Photo biosynthesis suffers from other drawbacks which include the availability of average hours of direct normal irradiance (DNI). Of course, indirect sun light, diffuse, reflected and refracted light as well as high-angle-of-incidence solar irradiation may still be useful but not all of the energy spectrum in the sun light can be used. In plants, the photosynthetic pigment chlorophyll works best in the blue (430 nm) and red part of the spectrum (680 nm). Hence, the quality of sun light may be an issue. Because the growth of the microbes require energy from the sun light, it follows that increasing the volume of medium may be counter-productive in the same manner that penetration of sun light decreases with increasing depth in the sea or ocean. Yet, the optimizations necessary are quite within our reach because commercial photo bio-reactors are widely in use.
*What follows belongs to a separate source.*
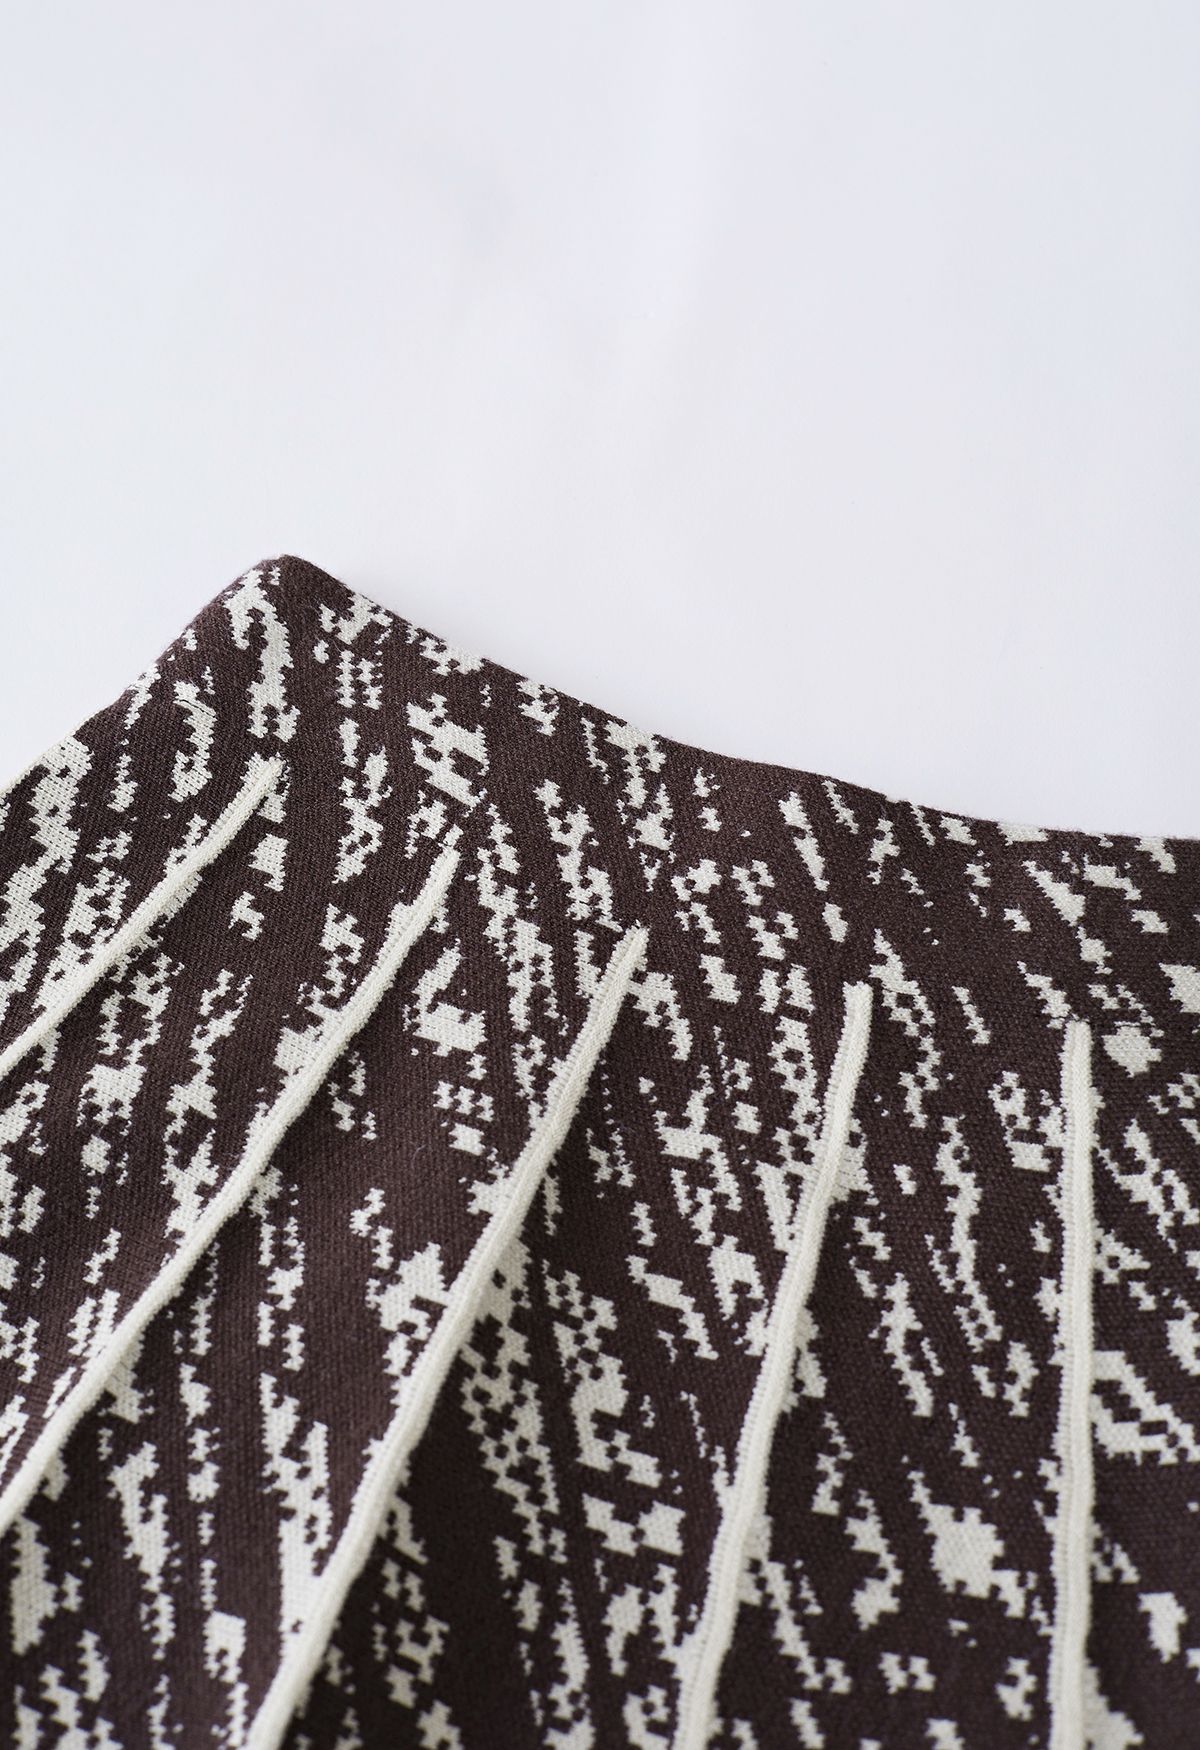 Falda de punto plisada con dobladillo en contraste en color crema

In the end game, the cost of this unit or domestic appliance will determine its adoption. In my opinion, the demand for this appliance may break records if a small volume unit producing 2 gallons of butanol per day may cost US$500 or less. Let us use the numbers from India and China where retail gas prices are US$5 and US$4 per gallon, respectively. Let us assume that this is also applicable to SE Asia, in general. In this scenario, the use of one US$500 domestic butanol unit may still serve the domestic electricity demand for 10 households. Investing US$50 per household is equivalent to buying 10 gallons of gas in India which may be equivalent to domestic electricity for 50 days assuming 0.2 gallons per day per household. Even if the product has a life cycle of only one year, the investment to buy a new unit every 12 months may be well worth it because the return on investment may take less than 2 months.
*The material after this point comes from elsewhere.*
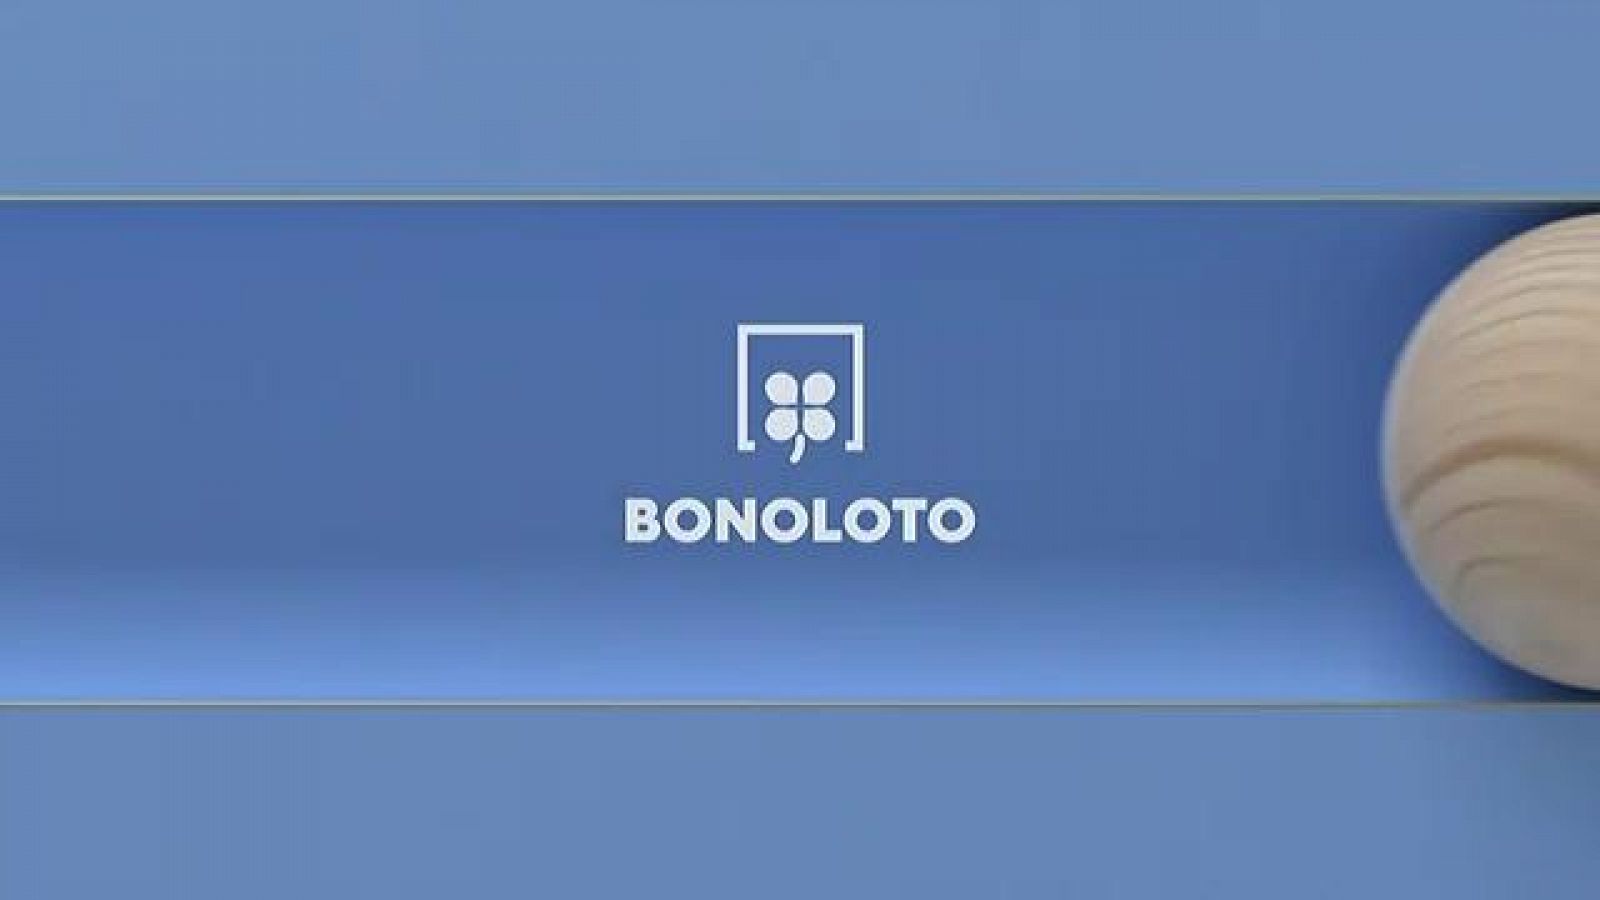 Bonoloto - 28/12/2020 - RTVE.es

Therefore, in the market of 3.5 billion, assuming an average of four per household, there may be 875 million households. We know that more people per household may be the norm and hence modify the number of households to 500 million. Using this conservative rationale, the demand for this product in Asia alone may exceed 50 million units assuming one unit for every 10 households. Factor in increasing demand, growth of other electricity consuming appliances and electric vehicles. In a decade, every household may need their own unit. Hence, the small volume 2 gallon per day micro-scale butanol unit is a renewable energy manufacturing business with a market for 500 million units, in Asia alone. Now think about new job creation and the business services (maintenance of microbial replenishment) which will continue to generate micro-revenue for the entire lifecycle of the product.
In the US and EU the scope of the US$500 unit producing 2 gallons of butanol per day may be viewed as a US$5,000 monstrosity (plus maintenance services at US$1 per unit per day) because the combined array of 10 micro-scale units may produce the daily demand for 20 gallons of butanol. Return on US$5,000 investment at an average gas price of US $4 per gallon is 85 days or 170 days if gas is $2 per gallon. ROI in the UK may be under one month or just above a month in EU. In general, gas prices in EU are twice or thrice that of the US (price per gallon of gasoline is US$8.75 in France and US$11.50 in UK as of 04/30/2011). Households in US and EU may purchase 2 billion micro-scale units if each array contains 10 units (for 200 million households).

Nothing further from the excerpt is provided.